Simple Scalar Spectrum Analyzer

Simple Scalar Spectrum Analyzer

Sam Wetterlin

10/4/06

The following scans were made on an oscilloscope using the Simple Scalar Spectrum Analyzer (“SSSA”). The schematic of that device and the method of use is shown at the end of this document. In short, the input comes from a sweep generator and the output is displayed on a scope. The SSSA displays either the transmission characteristics or return loss of the DUT.

FIGURE 1—Transmission of 7ft. coax. Scanned 1-150MHz.

Each large vertical division is 10db (200mv). The transmission declines about 4db

due to attenuation. (And in small part due to declining “intercept” of

the AD8310 detector.

FIGURE 2—Return loss of 7ft. terminated coax. Scanned 1-150MHz.

Each large vertical division is 10db (200mv).

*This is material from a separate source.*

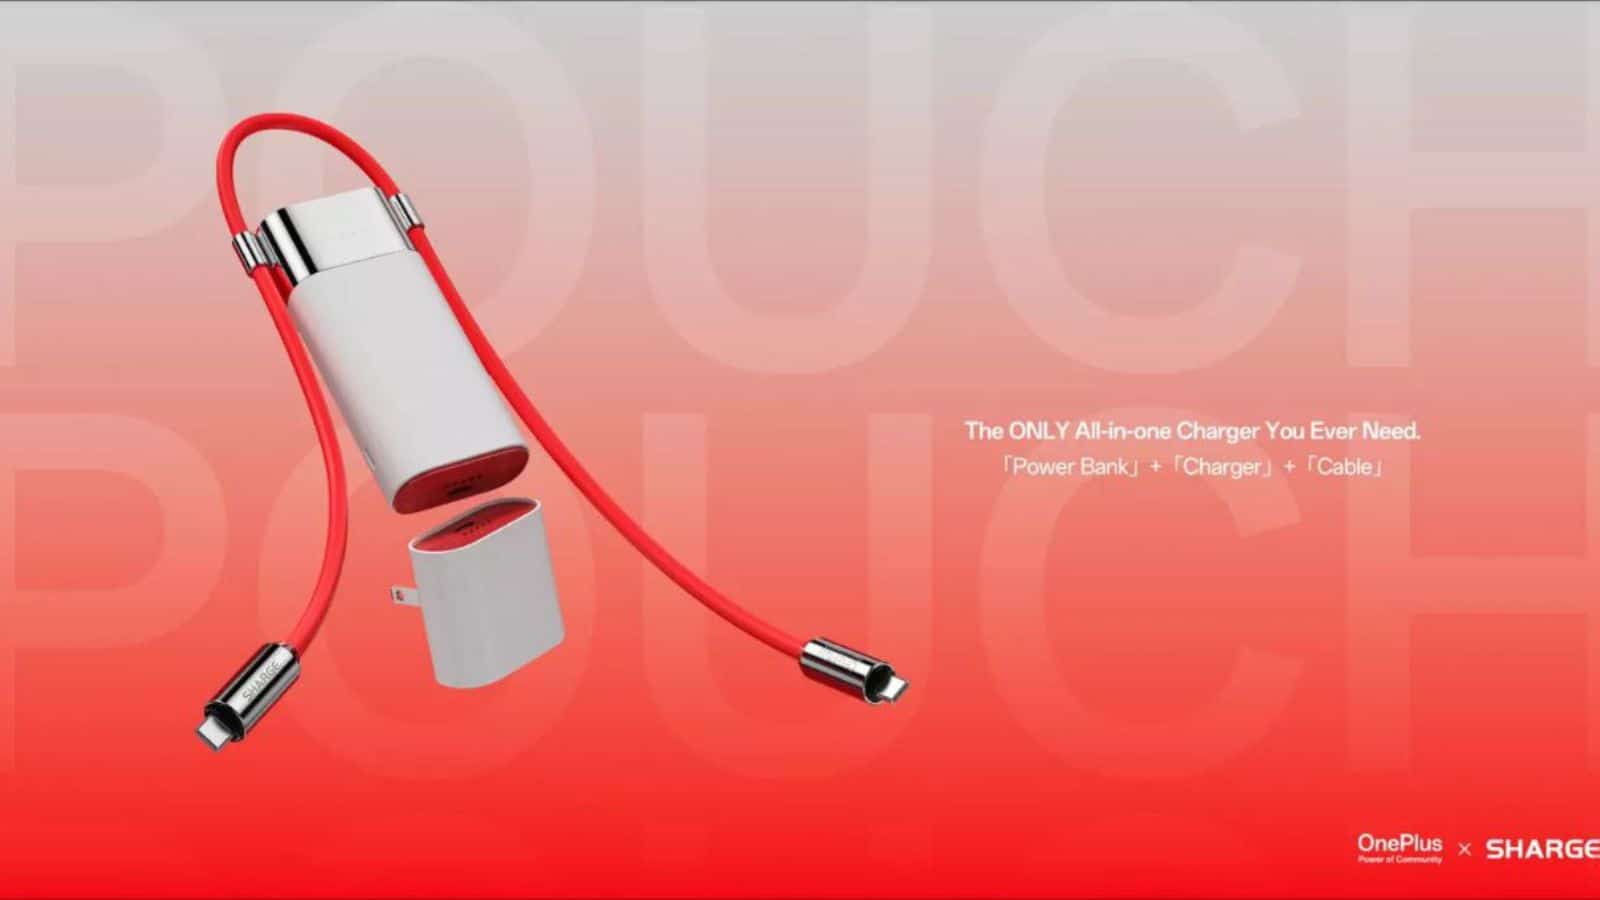 OnePlus e Sharge lanciano Pouch Power Bank con portabilità Premium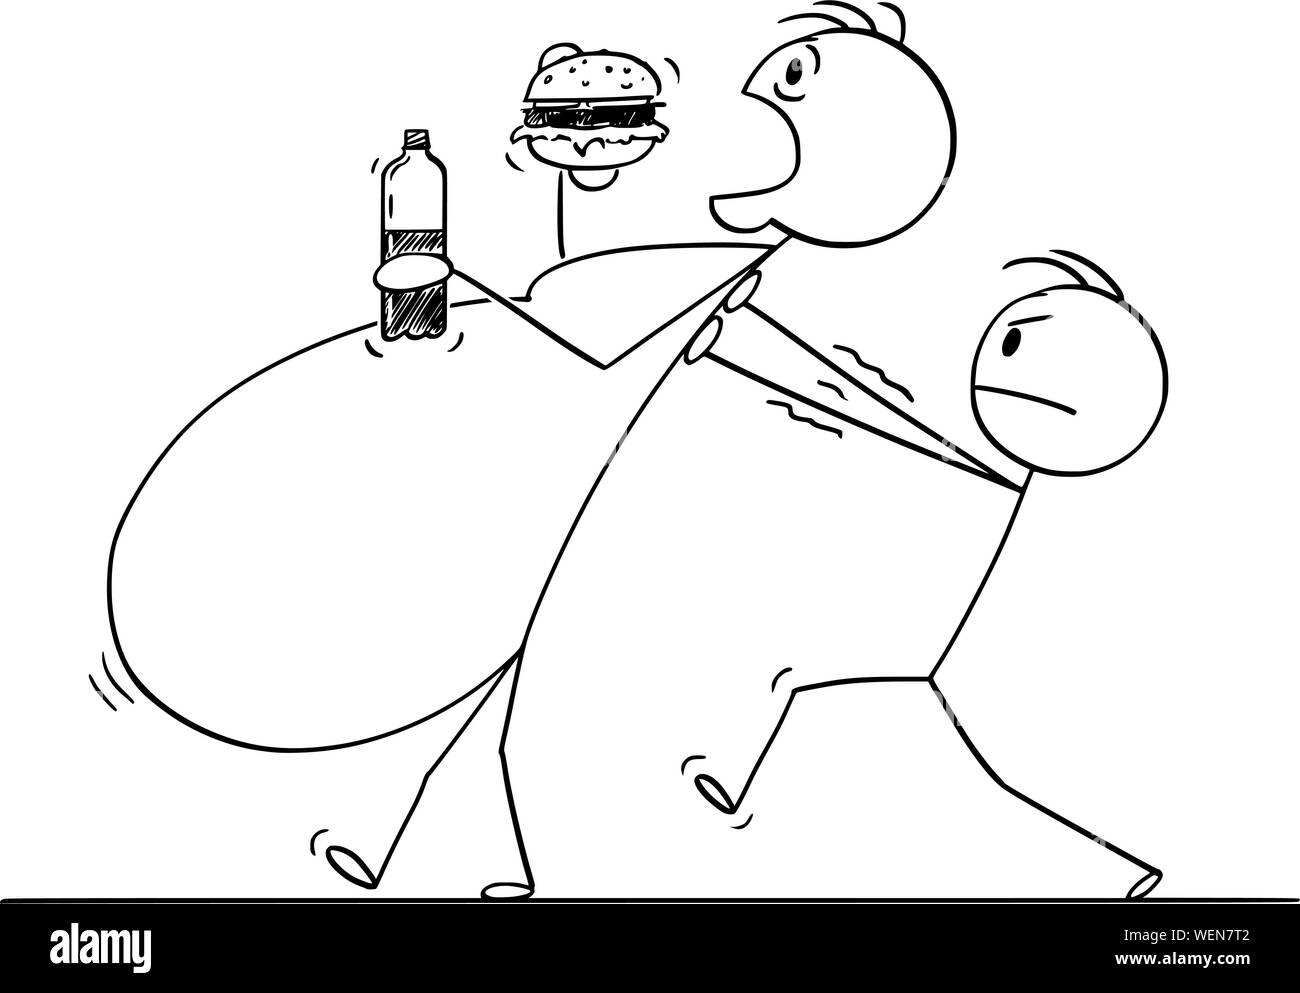 Vektor cartoon Strichmännchen Zeichnung konzeptuelle Darstellung von Übergewicht, krankhafte Fettleibigkeit oder Fat man Essen ungesundes Essen während ein anderer Mann hilft ihm zu gehen. Stock Vektor

Return loss is the difference between

the baseline and the displayed value.The baseline values (100% reflection)

are approximately the same as shown in Figure 1, or about 20db above the scope

center line, which puts the leftmost peak at RL=30db. Depending on preference,

the trace could be inverted. The series of peaks is characteristic of cable return loss, and results from the fact that the cable is not a perfect 50 ohms.

FIGURE 3—Transmission of 35MHz LPF. Scanned 1-100MHz.

Each large vertical division is 10db (200mv). The baseline is 30db above the scope

center line. This demonstrates a 65db dynamic range.

FIGURE 4—Return Loss of 35MHz LPF. Scanned 1-100MHz.

Each large vertical division is 10db (200mv). The baseline is 30db above

the scope center line. Maximum return loss is on left at about 30db,

and is near 0 above the passband of the filter.

FIGURE 5—Transmission of 10.7MHz LPF. Scanned 7.7-13.7MHz.

(20db per large vertical division)

This is the LC noise filter from the AD8330/AD8367 AGC loop. I did

not establish a baseline. I also did not show return loss, because the actual

filter is isolated from the input by resistors, so the return loss is very flat and uninteresting.